- PROBLEM STATEMENT -
The listing below should be printed again word for word, without any images.

- GIVEN DATA -
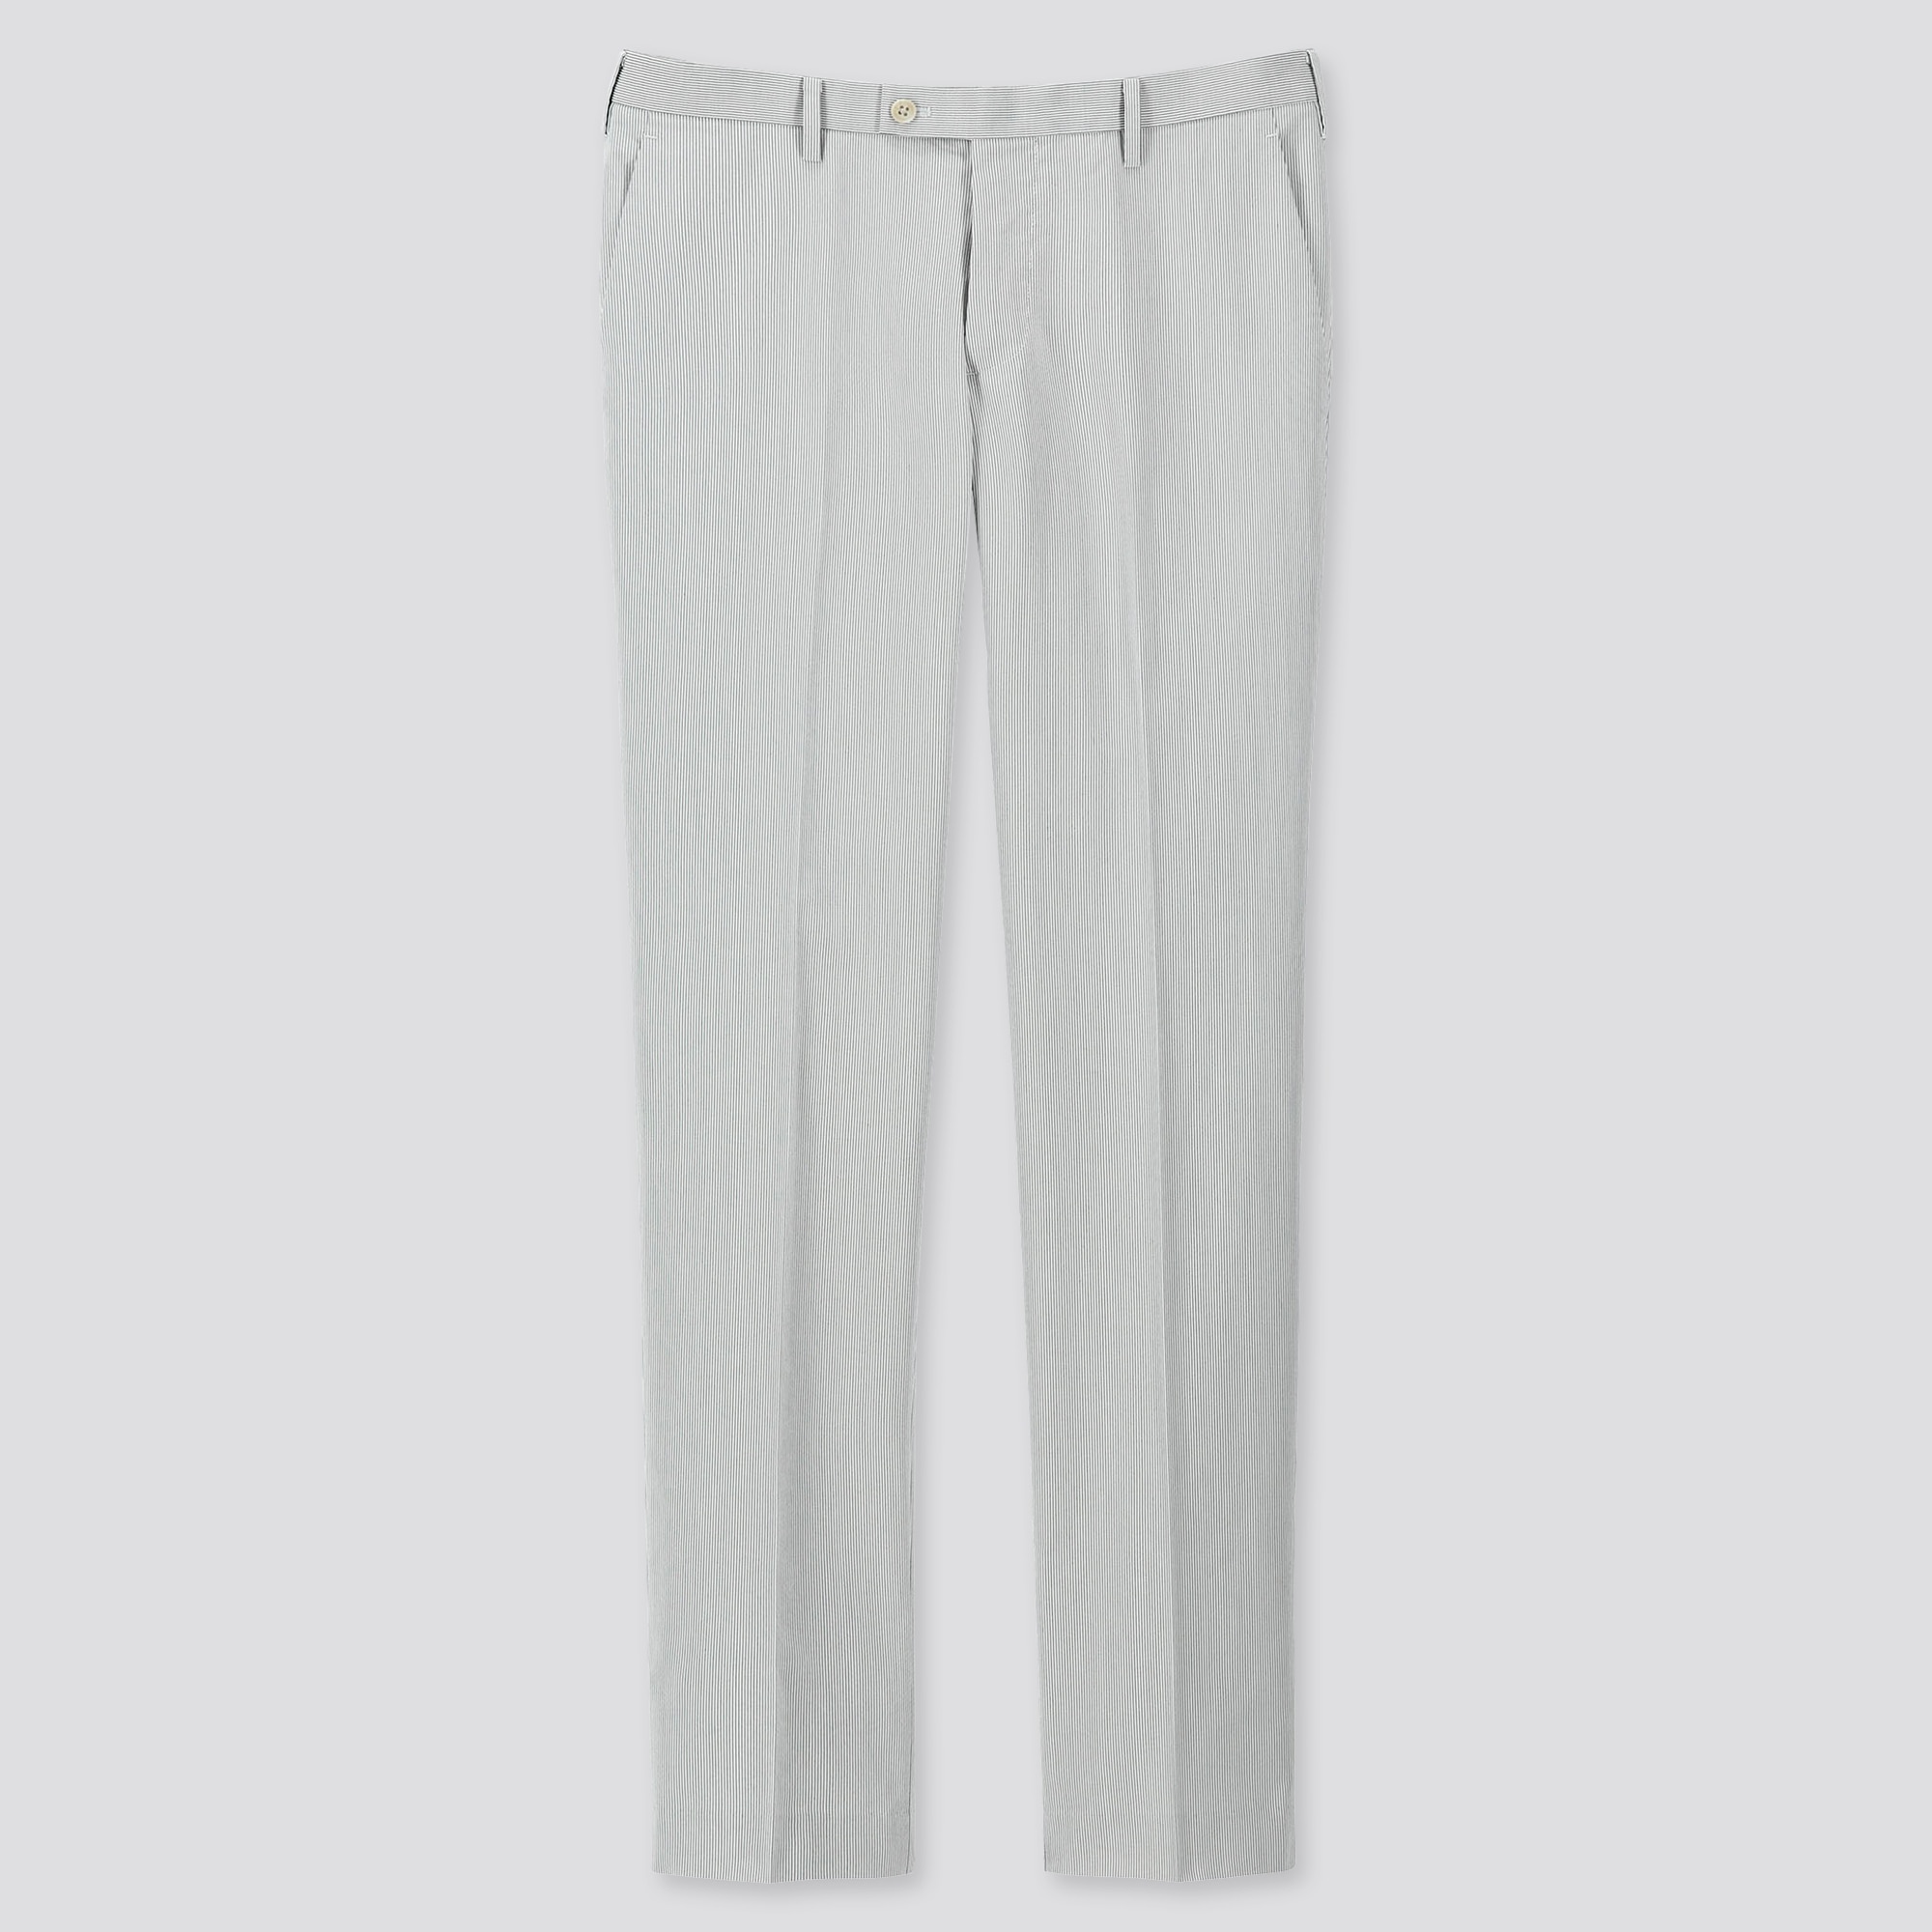 white and grey striped pants
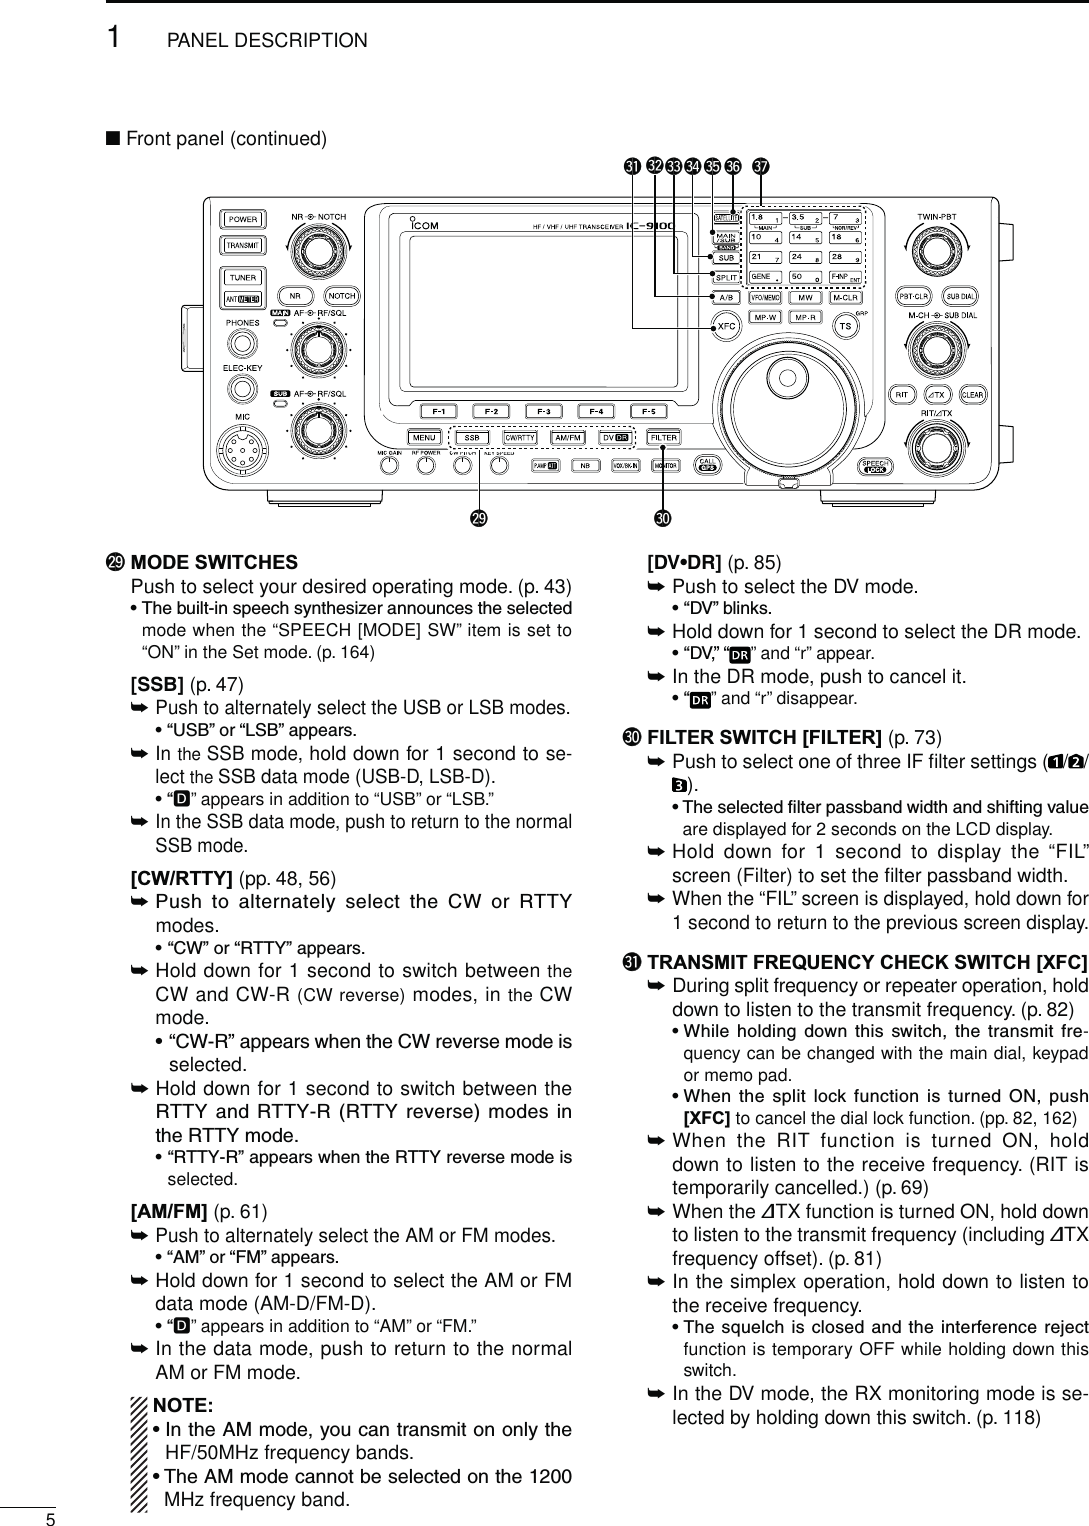 @9 MODE SWITCHESPush to select your desired operating mode. (p. 43)s4HEBUILTINSPEECHSYNTHESIZERANNOUNCESTHESELECTEDmode when the “SPEECH [MODE] SW” item is set to “ON” in the Set mode. (p. 164) ;33&quot;= (p. 47)±Push to alternately select the USB or LSB modes.  sh53&quot;vORh,3&quot;vAPPEARS±In the SSB mode, hold down for 1 second to se-lect the SSB data mode (USB-D, LSB-D).shD” appears in addition to “USB” or “LSB.”±In the SSB data mode, push to return to the normal SSB mode.[CW/RTTY] (pp. 48, 56)±0USH TO ALTERNATELY SELECT THE #7 OR 2449modes.  sh#7vORh2449vAPPEARS±  Hold down for 1 second to switch between the CW and CW-R (CW reverse) modes, in the CW mode.sh#72vAPPEARSWHENTHE#7REVERSEMODEISselected.±  Hold down for 1 second to switch between the 2449AND244922449REVERSEMODESINTHE2449MODEsh24492vAPPEARSWHENTHE2449REVERSEMODEISselected.[AM/FM] (p. 61)±Push to alternately select the AM or FM modes.  sh!-vORh&amp;-vAPPEARS±  Hold down for 1 second to select the AM or FM data mode (AM-D/FM-D).shD” appears in addition to “AM” or “FM.”±  In the data mode, push to return to the normal AM or FM mode.NOTE:s)NTHE!-MODEYOUCANTRANSMITONONLYTHEHF/50MHz frequency bands.s4HE!-MODECANNOTBESELECTEDONTHEMHz frequency band. ;$6s$2= (p. 85)±Push to select the DV mode.  sh$6vBLINKS±Hold down for 1 second to select the DR mode.sh$6vh” and “r” appear.±In the DR mode, push to cancel it.sh” and “r” disappear.#0 FILTER SWITCH [FILTER] (p. 73)±  Push to select one of three IF ﬁlter settings ( / /).s4HESELECTEDlLTERPASSBANDWIDTHANDSHIFTINGVALUEare displayed for 2 seconds on the LCD display.±  Hold down for 1 second to display the “FIL” screen (Filter) to set the ﬁlter passband width.±When the “FIL” screen is displayed, hold down for 1 second to return to the previous screen display.#1TRANSMIT FREQUENCY CHECK SWITCH [XFC]±  During split frequency or repeater operation, hold down to listen to the transmit frequency. (p. 82)s7HILE HOLDINGDOWNTHIS SWITCHTHE TRANSMITFRE-quency can be changed with the main dial, keypad or memo pad.s7HEN THE SPLIT LOCK FUNCTION IS TURNED /. PUSH[XFC] to cancel the dial lock function. (pp. 82, 162)±  When the RIT function is turned ON, hold down to listen to the receive frequency. (RIT is temporarily cancelled.) (p. 69)±  When the ∂TX function is turned ON, hold down to listen to the transmit frequency (including ∂TX frequency offset). (p. 81)±  In the simplex operation, hold down to listen to the receive frequency.s4HESQUELCHISCLOSEDANDTHEINTERFERENCEREJECTfunction is temporary OFF while holding down this switch.±  In the DV mode, the RX monitoring mode is se-lected by holding down this switch. (p. 118)N Front panel (continued)51PANEL DESCRIPTION@9 #0#2#3#4#5 #6 #7#1
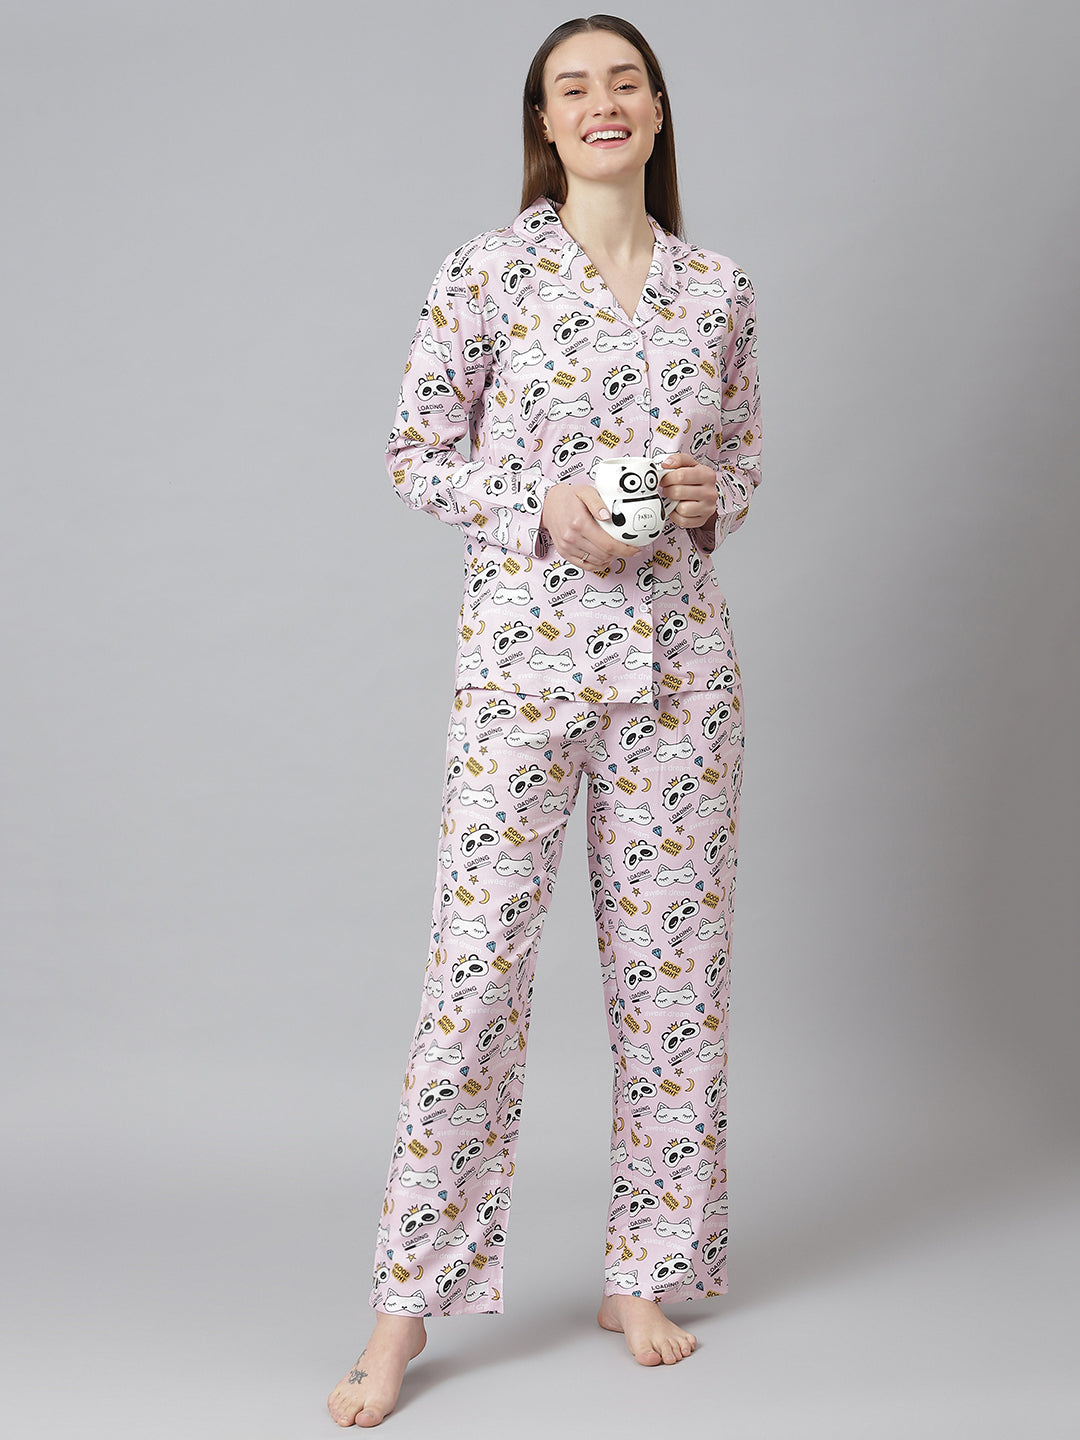 Cation Pink Printed Night Suit

- RESULT OF THE TASK -
 white and grey striped pants
 @9 MODE SWITCHESPush to select your desired operating mode. (p. 43)s4HEBUILTINSPEECHSYNTHESIZERANNOUNCESTHESELECTEDmode when the “SPEECH [MODE] SW” item is set to “ON” in the Set mode. (p. 164) ;33&quot;= (p. 47)±Push to alternately select the USB or LSB modes.  sh53&quot;vORh,3&quot;vAPPEARS±In the SSB mode, hold down for 1 second to se-lect the SSB data mode (USB-D, LSB-D).shD” appears in addition to “USB” or “LSB.”±In the SSB data mode, push to return to the normal SSB mode.[CW/RTTY] (pp. 48, 56)±0USH TO ALTERNATELY SELECT THE #7 OR 2449modes.  sh#7vORh2449vAPPEARS±  Hold down for 1 second to switch between the CW and CW-R (CW reverse) modes, in the CW mode.sh#72vAPPEARSWHENTHE#7REVERSEMODEISselected.±  Hold down for 1 second to switch between the 2449AND244922449REVERSEMODESINTHE2449MODEsh24492vAPPEARSWHENTHE2449REVERSEMODEISselected.[AM/FM] (p. 61)±Push to alternately select the AM or FM modes.  sh!-vORh&amp;-vAPPEARS±  Hold down for 1 second to select the AM or FM data mode (AM-D/FM-D).shD” appears in addition to “AM” or “FM.”±  In the data mode, push to return to the normal AM or FM mode.NOTE:s)NTHE!-MODEYOUCANTRANSMITONONLYTHEHF/50MHz frequency bands.s4HE!-MODECANNOTBESELECTEDONTHEMHz frequency band. ;$6s$2= (p. 85)±Push to select the DV mode.  sh$6vBLINKS±Hold down for 1 second to select the DR mode.sh$6vh” and “r” appear.±In the DR mode, push to cancel it.sh” and “r” disappear.#0 FILTER SWITCH [FILTER] (p. 73)±  Push to select one of three IF ﬁlter settings ( / /).s4HESELECTEDlLTERPASSBANDWIDTHANDSHIFTINGVALUEare displayed for 2 seconds on the LCD display.±  Hold down for 1 second to display the “FIL” screen (Filter) to set the ﬁlter passband width.±When the “FIL” screen is displayed, hold down for 1 second to return to the previous screen display.#1TRANSMIT FREQUENCY CHECK SWITCH [XFC]±  During split frequency or repeater operation, hold down to listen to the transmit frequency. (p. 82)s7HILE HOLDINGDOWNTHIS SWITCHTHE TRANSMITFRE-quency can be changed with the main dial, keypad or memo pad.s7HEN THE SPLIT LOCK FUNCTION IS TURNED /. PUSH[XFC] to cancel the dial lock function. (pp. 82, 162)±  When the RIT function is turned ON, hold down to listen to the receive frequency. (RIT is temporarily cancelled.) (p. 69)±  When the ∂TX function is turned ON, hold down to listen to the transmit frequency (including ∂TX frequency offset). (p. 81)±  In the simplex operation, hold down to listen to the receive frequency.s4HESQUELCHISCLOSEDANDTHEINTERFERENCEREJECTfunction is temporary OFF while holding down this switch.±  In the DV mode, the RX monitoring mode is se-lected by holding down this switch. (p. 118)N Front panel (continued)51PANEL DESCRIPTION@9 #0#2#3#4#5 #6 #7#1
 Cation Pink Printed Night Suit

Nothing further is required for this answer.